(THE TASK)
Repeat only these lines, exactly: the first line of the data, the line containing "Примечания, Примечание |", and every line between them. Pictures stay out.

(DATASET EXTRACT)

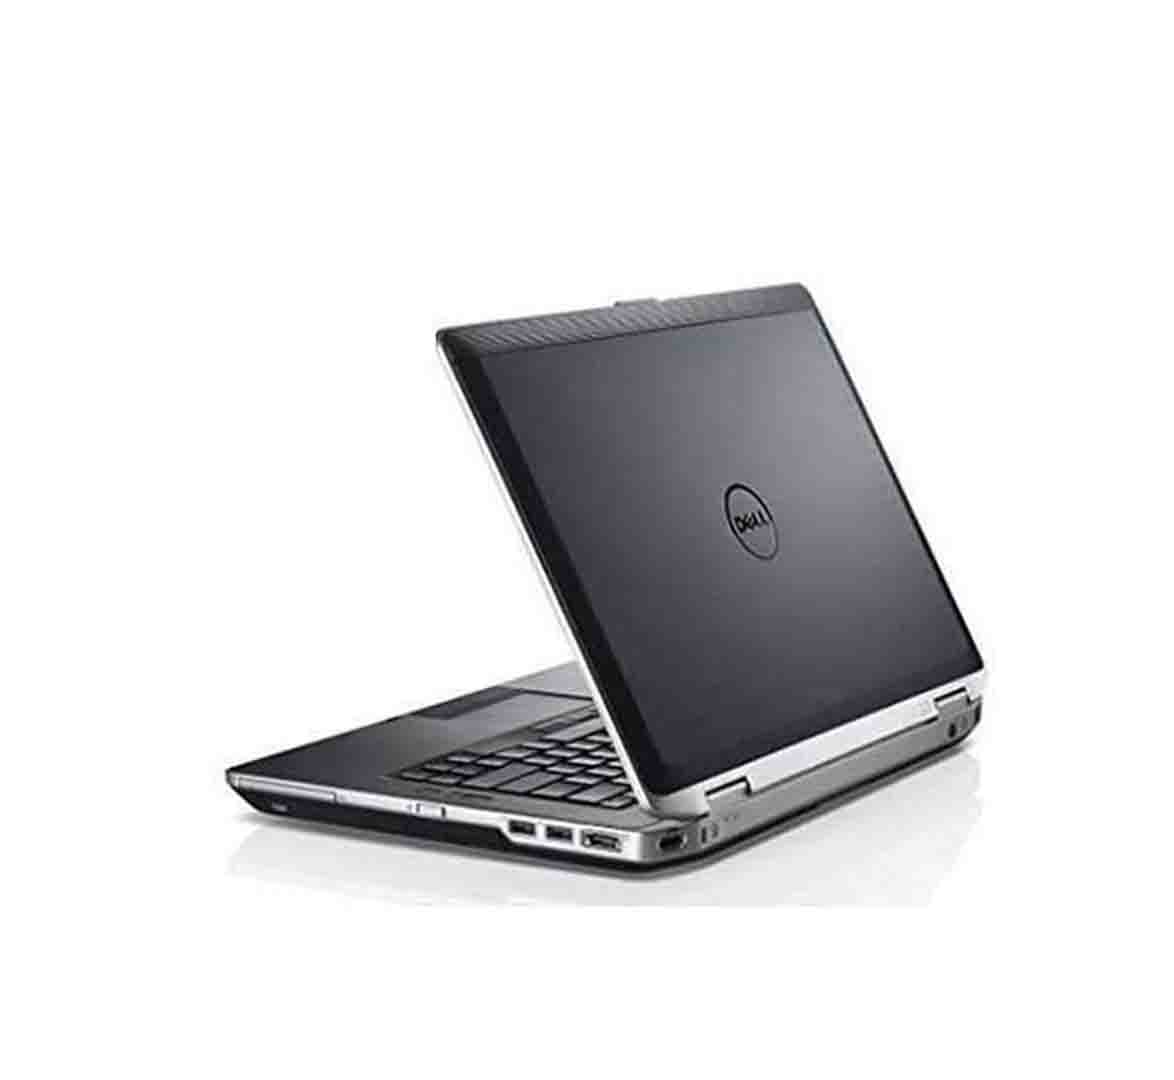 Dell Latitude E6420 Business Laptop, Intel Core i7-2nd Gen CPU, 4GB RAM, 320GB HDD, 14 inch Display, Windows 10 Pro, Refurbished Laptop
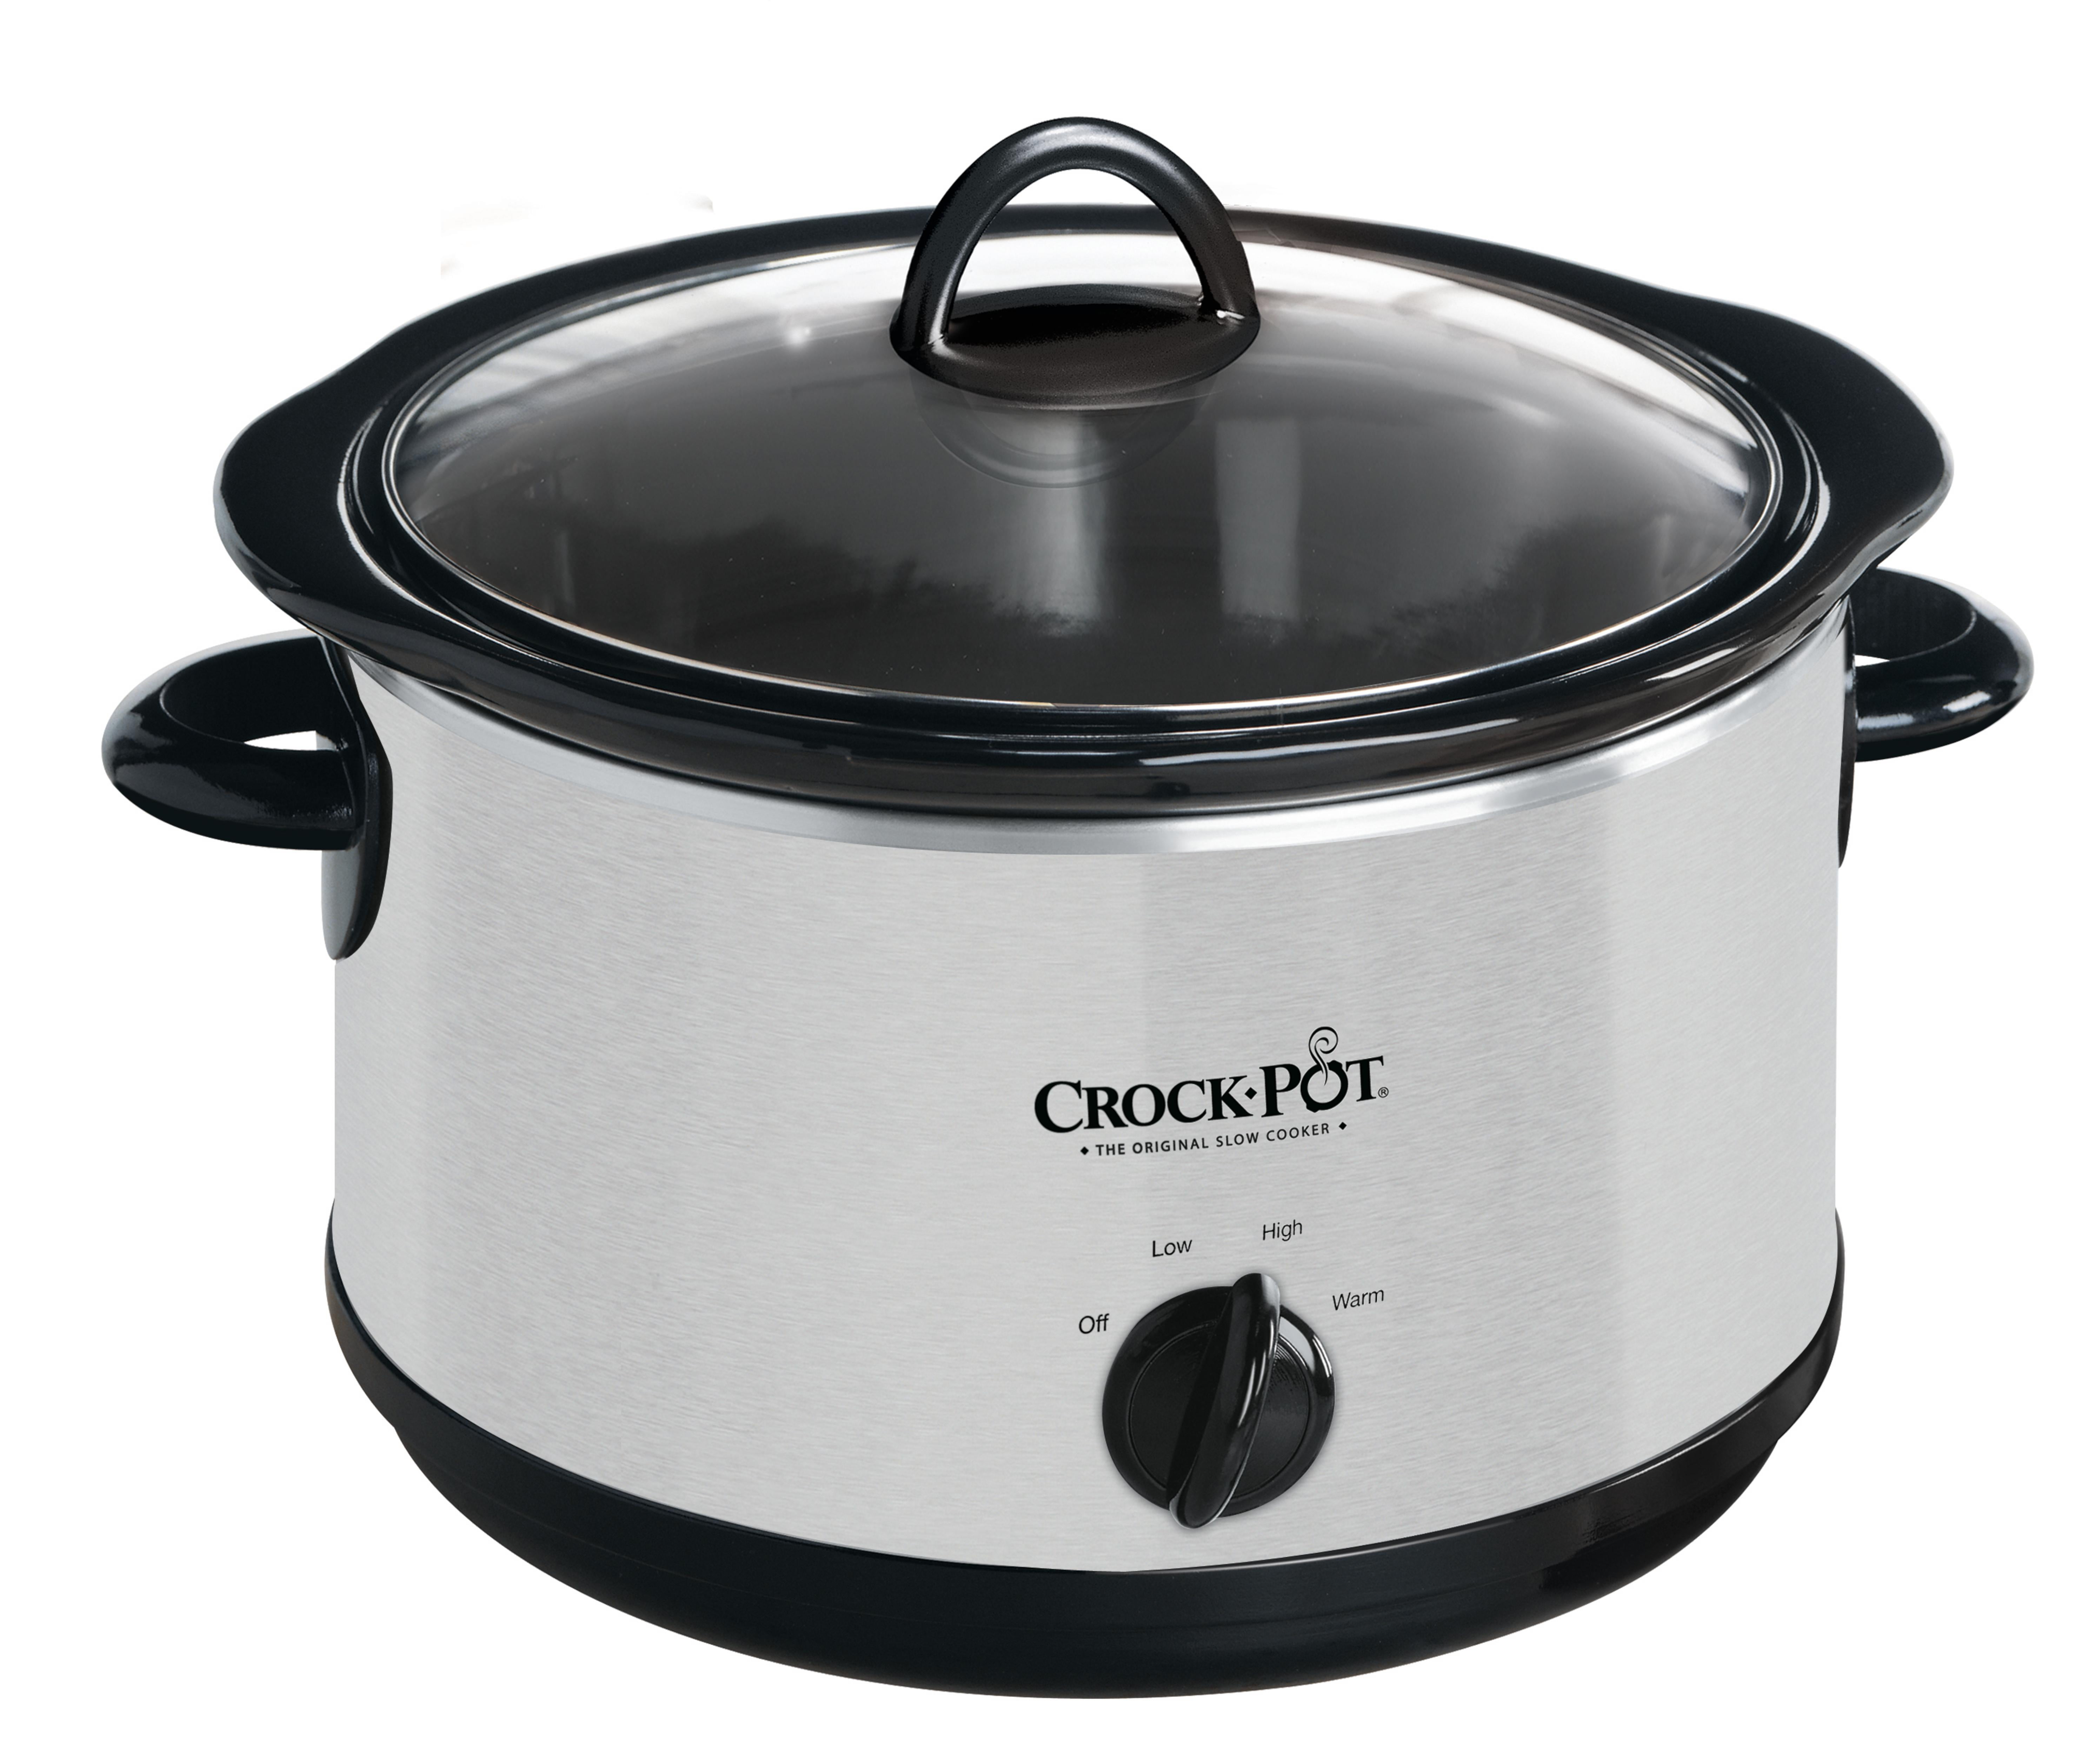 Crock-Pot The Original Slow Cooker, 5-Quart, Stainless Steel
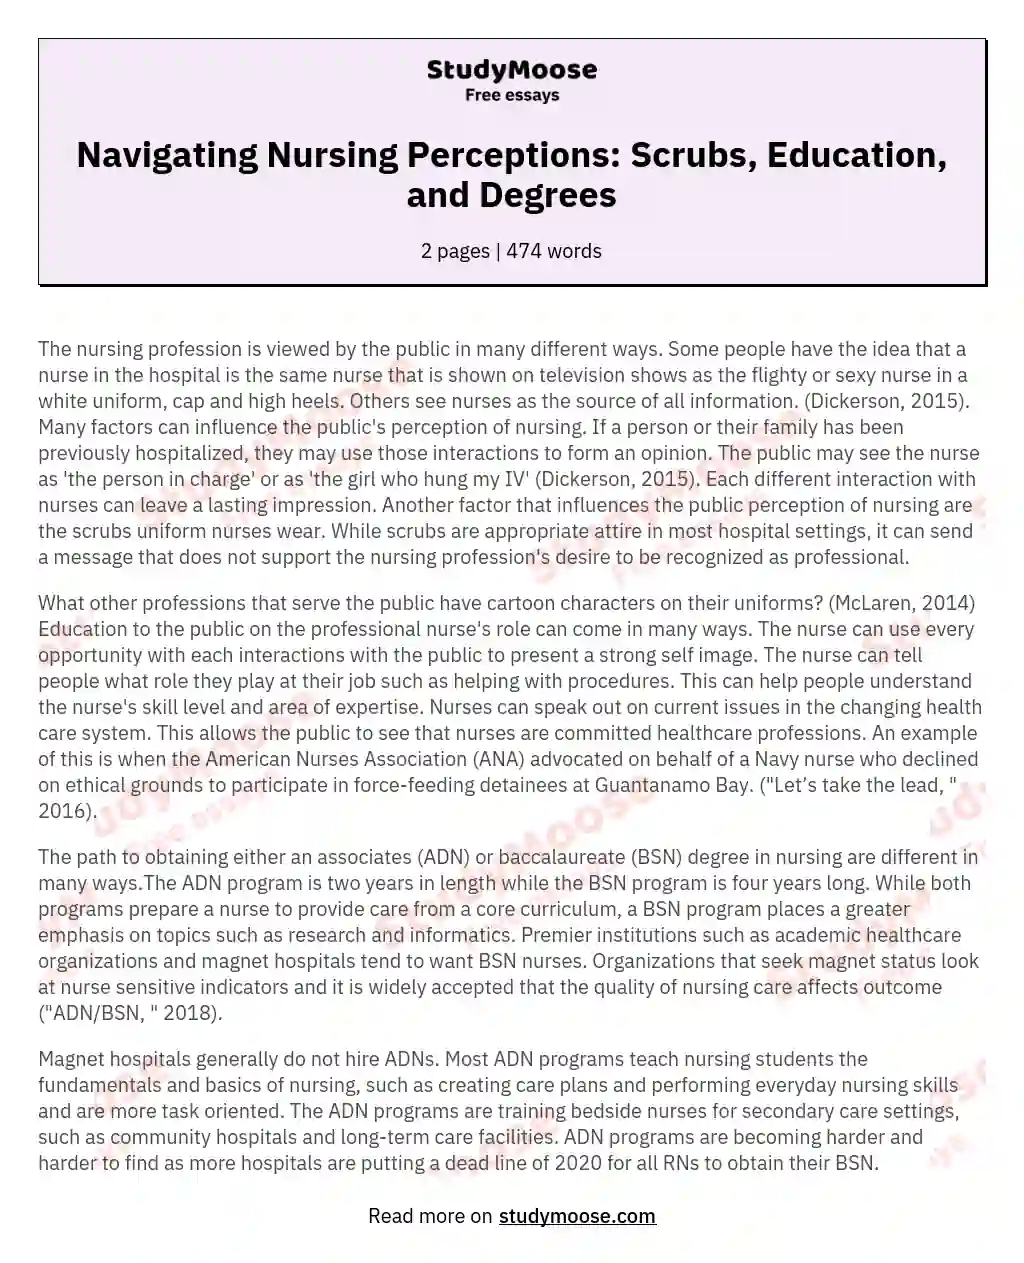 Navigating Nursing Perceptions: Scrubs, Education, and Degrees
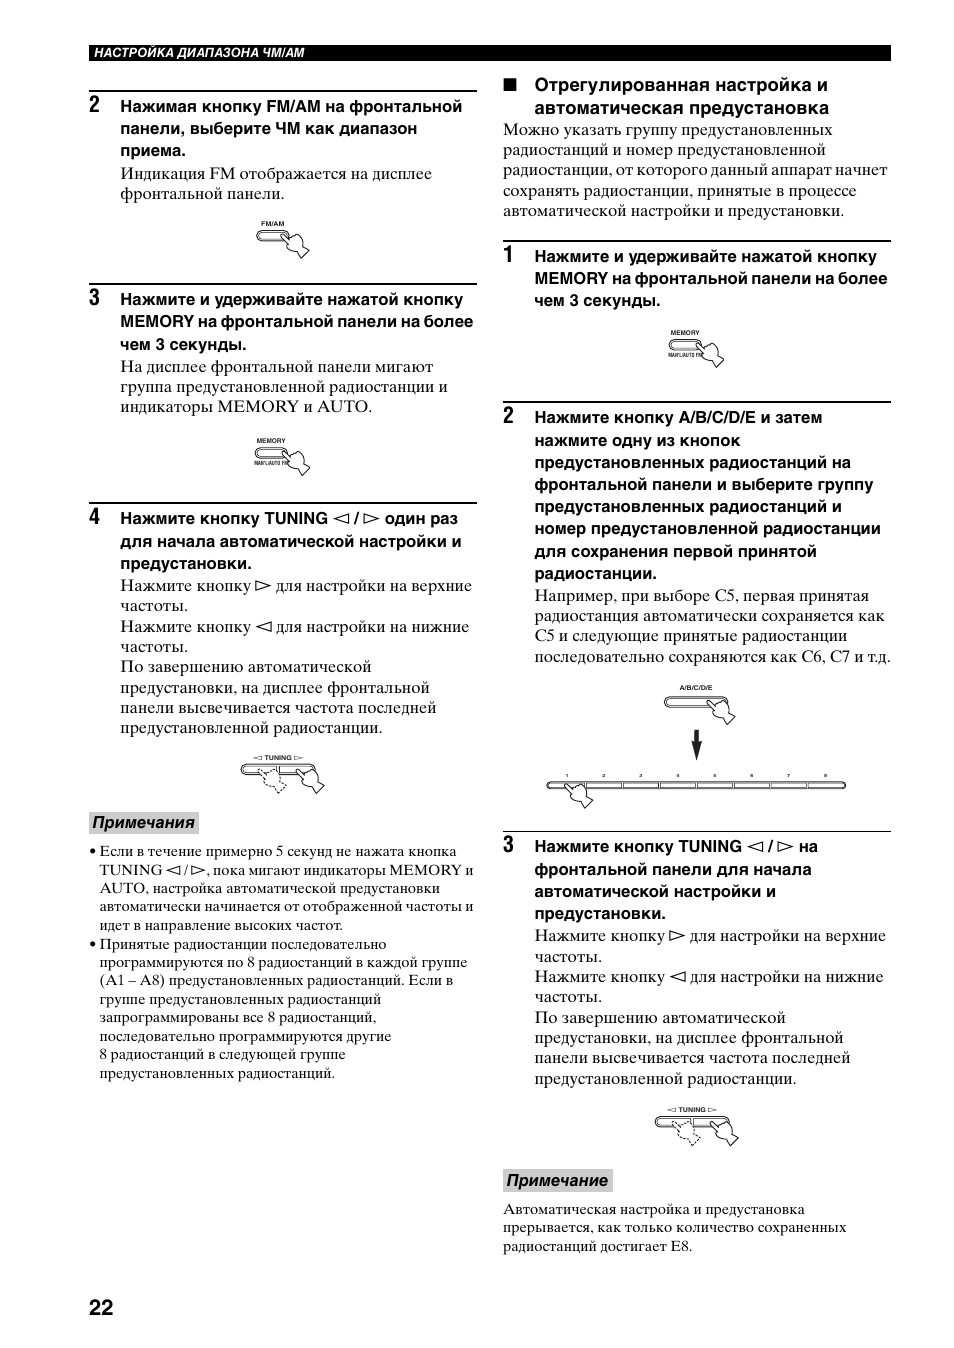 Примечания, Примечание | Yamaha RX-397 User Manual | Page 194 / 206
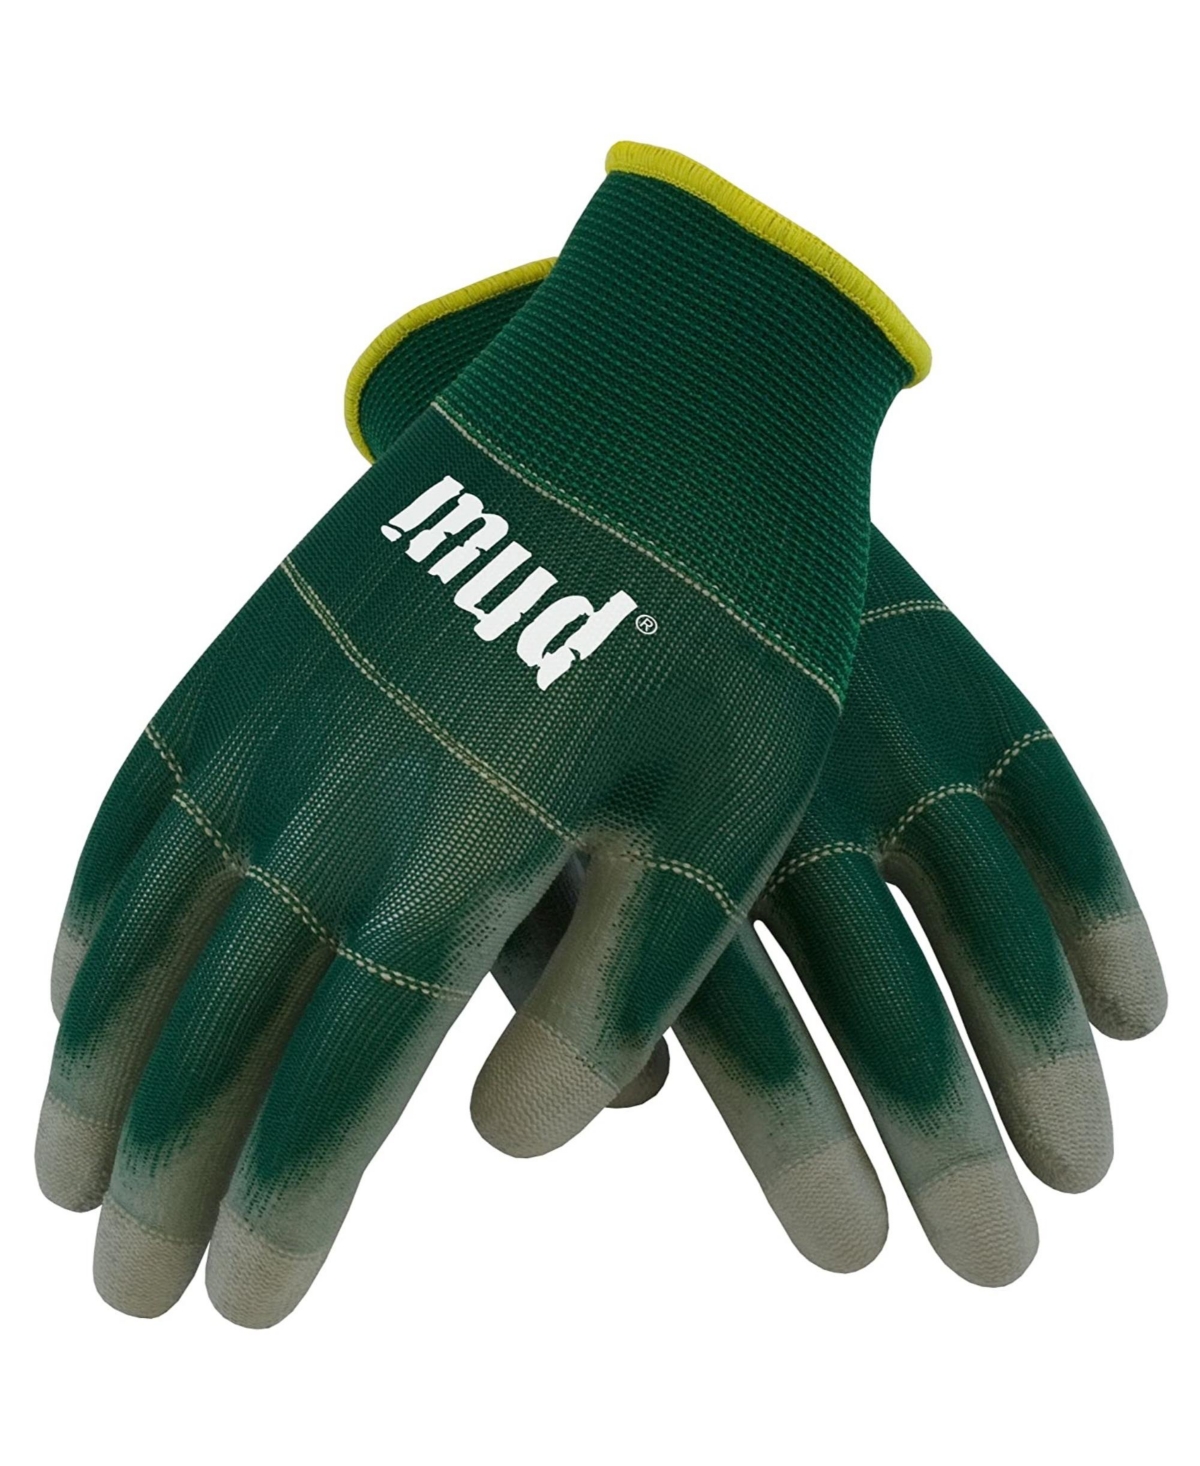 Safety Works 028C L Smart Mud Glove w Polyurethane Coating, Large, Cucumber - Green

(TASK ANSWER)
 Dell Latitude E6420 Business Laptop, Intel Core i7-2nd Gen CPU, 4GB RAM, 320GB HDD, 14 inch Display, Windows 10 Pro, Refurbished Laptop
 Crock-Pot The Original Slow Cooker, 5-Quart, Stainless Steel
 Navigating Nursing Perceptions: Scrubs, Education, and Degrees
 Примечания, Примечание | Yamaha RX-397 User Manual | Page 194 / 206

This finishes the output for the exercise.